Assigned task: Your response is a verbatim copy of the listing, stripped of its images.

Given information:
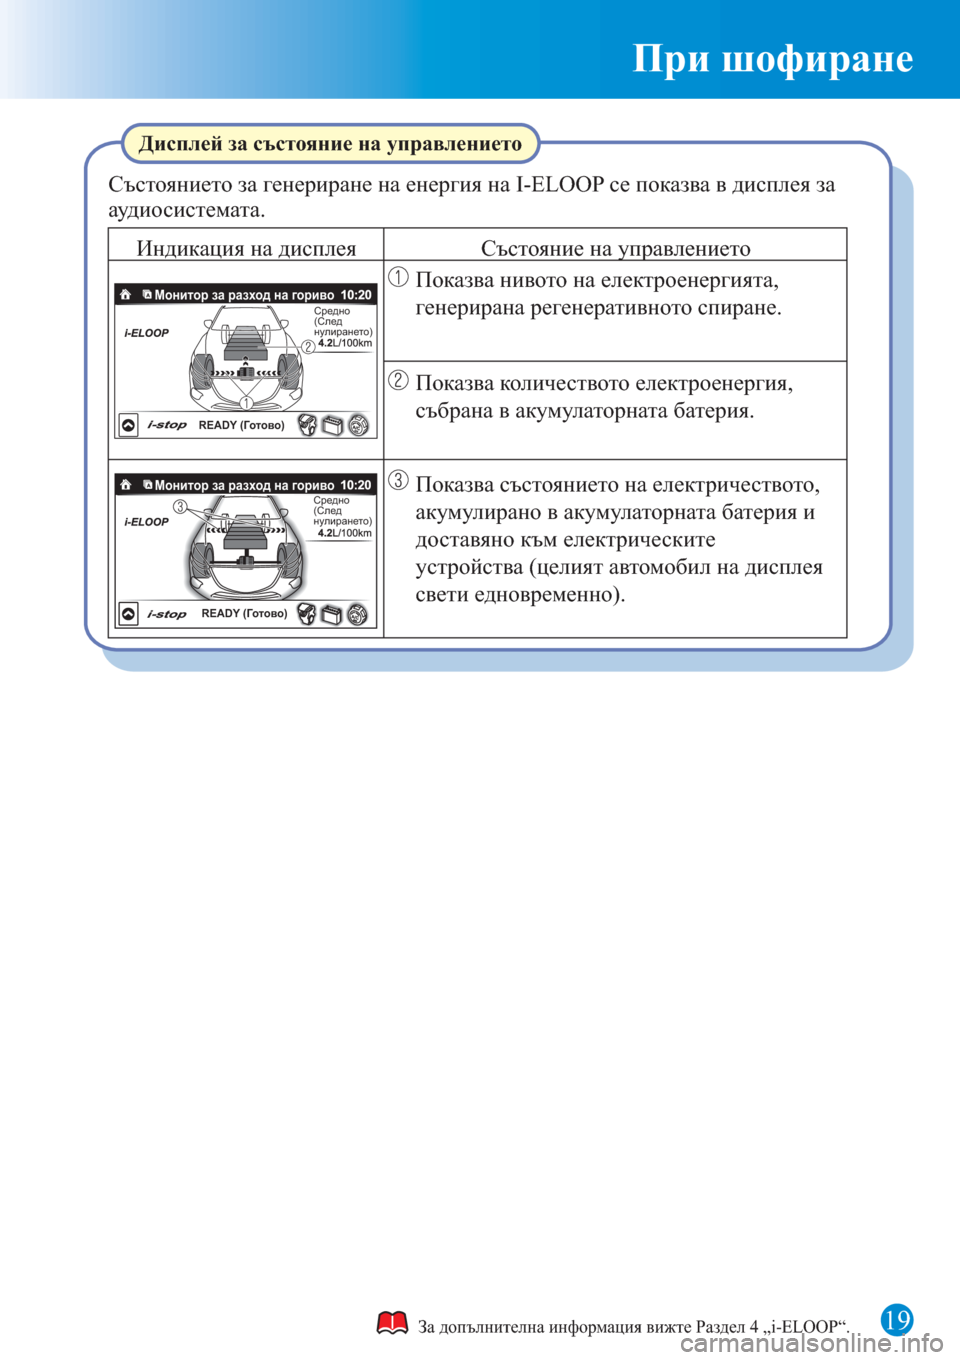 MAZDA MODEL 3 HATCHBACK 2015  Бързо ръководство (in Bulgarian) 19
При шофиране
За допълнителна информация вижте Раздел 4 „i-ELOOP“.
Състоянието за генериране на енергия на I-ELOOP

Exercise answer:
 MAZDA MODEL 3 HATCHBACK 2015  Бързо ръководство (in Bulgarian) 19
При шофиране
За допълнителна информация вижте Раздел 4 „i-ELOOP“.
Състоянието за генериране на енергия на I-ELOOP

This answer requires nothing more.